The Uncertainty of Risk

The startup economy is an example of an antifragile system rooted in optionality. Venture capitalists power the tech scene by making investments in nascent firms. These upfront costs are relatively small and capped. VC firms cannot lose more than they put in. But since there is no upper limit to success, the investment’s upside is potentially unbounded. Of course, venture capitalists need to make smart bets, but the business model doesn’t require them to be so good at predicting winners as to pick one every time. The payoffs from their few wildly successful investments more than make up for the capital lost to failures. While each startup is individually fragile, the startup economy as a whole is highly antifragile, and predictive accuracy is less important. Since the losses are finite and the gains are practically limitless, the antifragile startup economy benefits overall from greater variability in the success of new firms.

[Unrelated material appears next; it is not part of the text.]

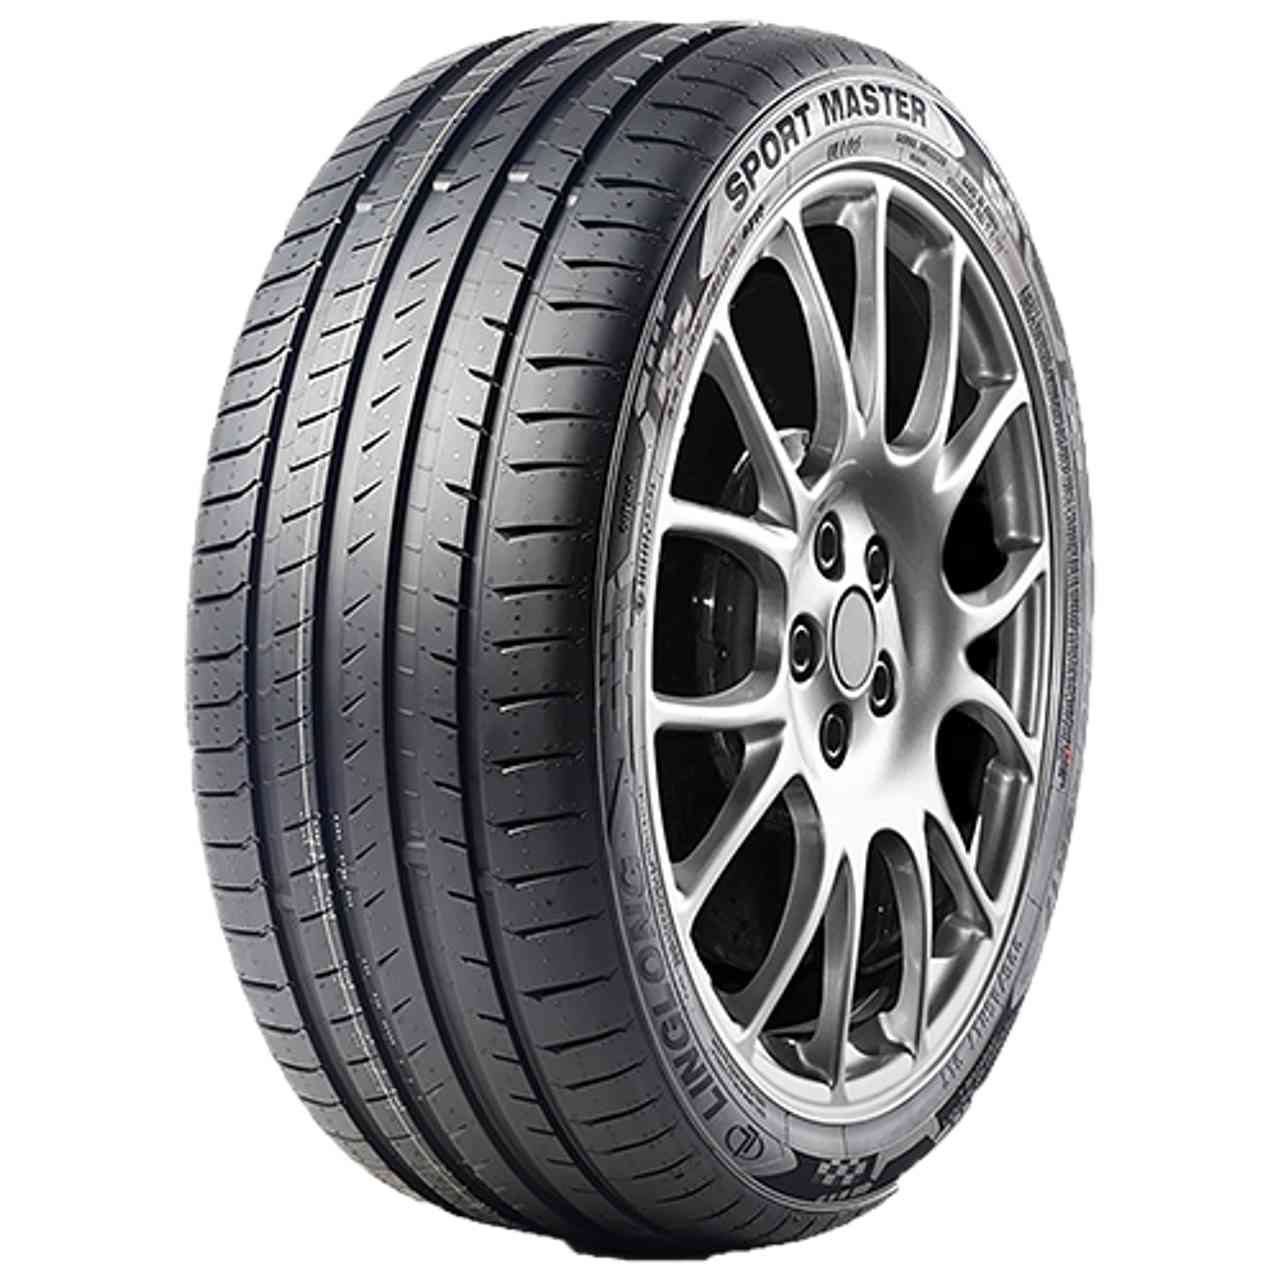 LINGLONG SPORT MASTER 225/55R19 103Y BSW

From a book review of Nate Silver's The Signal and the Noise, Nassim Nicholas Taleb's Antifragile, and James Owen Weatherall's The Physics of Wall Street at n+1.​

As the financial crises of the past three decades have painfully demonstrated, the global banking system is dangerously fragile. Financial institutions are so highly leveraged and so opaquely intertwined that the contagion from a wrong prediction (e.g. that housing prices will continue to rise) can quickly foment systemic crisis as debt payments balloon and asset values shrivel. When the credit markets lock up and vaunted banks are suddenly insolvent, the authorities’ solution has been to shore up underwater balance sheets with cheap government loans. While allowing a few Too Big To Fail banks to use their “toxic assets” as collateral for taxpayer-guaranteed loans makes their individual fiscal positions more robust, all this new debt leaves the market as a whole more fragile, since the financial system is more heavily leveraged and fire-sale mergers consolidate capital and risk into even fewer institutions. These “solutions” to past crises transferred fragility from the individual banks to the overall financial system, creating the conditions for future collapse.

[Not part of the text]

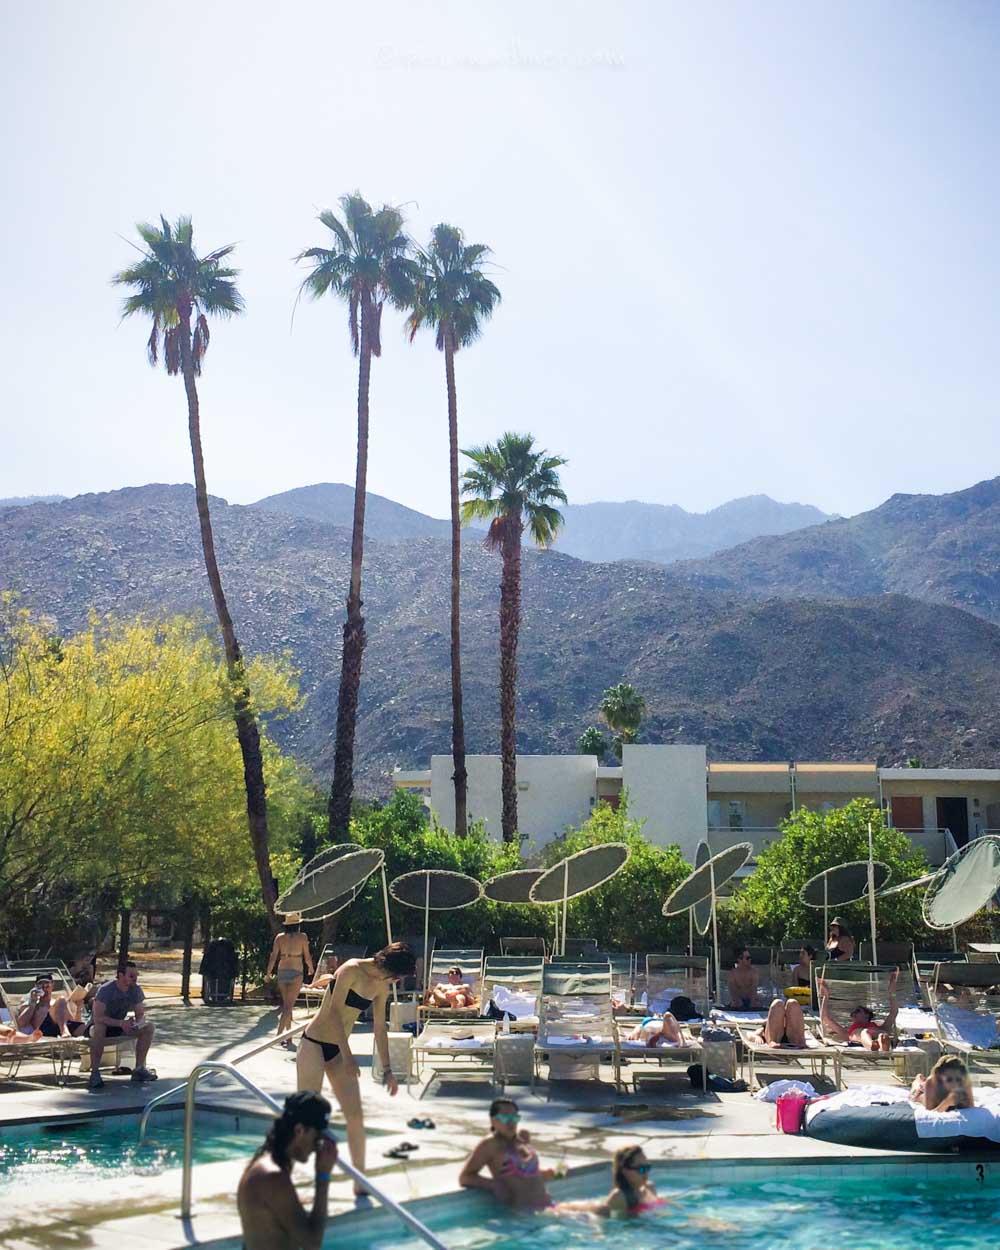 Ace Hotel Palm Springs Review Pool Day Pass Swim Club Rates

Too Big To Fail is an implicit taxpayer guarantee for banks that privatizes profits and socializes losses. Markets have internalized this guarantee. The judgment that Too Big To Fail banks are, perversely, less risky is reflected in the lower interest rates that creditors demand on loans and deposits. Recent studies estimate that this government protection translates into an $83 billion annual subsidy to the ten largest American banks. This moral hazard rewards irresponsible risk taking, which management will rationalize ex post facto by claiming that no model could have predicted whatever crash just happened. Being Too Big To Fail means that predictors have no “skin in the game.” In making large bets, they get to keep the upside when their models work, but taxpayer bailouts protect them from market discipline when losses balloon and their possible failure put the overall economy at risk. To promote an antifragile economic system, bankers must be liable for the complex products they produce, each financial institution must be small enough to safely fail, and the amount of debt-financed leverage in the system overall must be reduced. These are the most urgent stakes obscured by the difficult mathematics of financial risk. Markets will never spontaneously adopt these reforms; only political pressure can force them.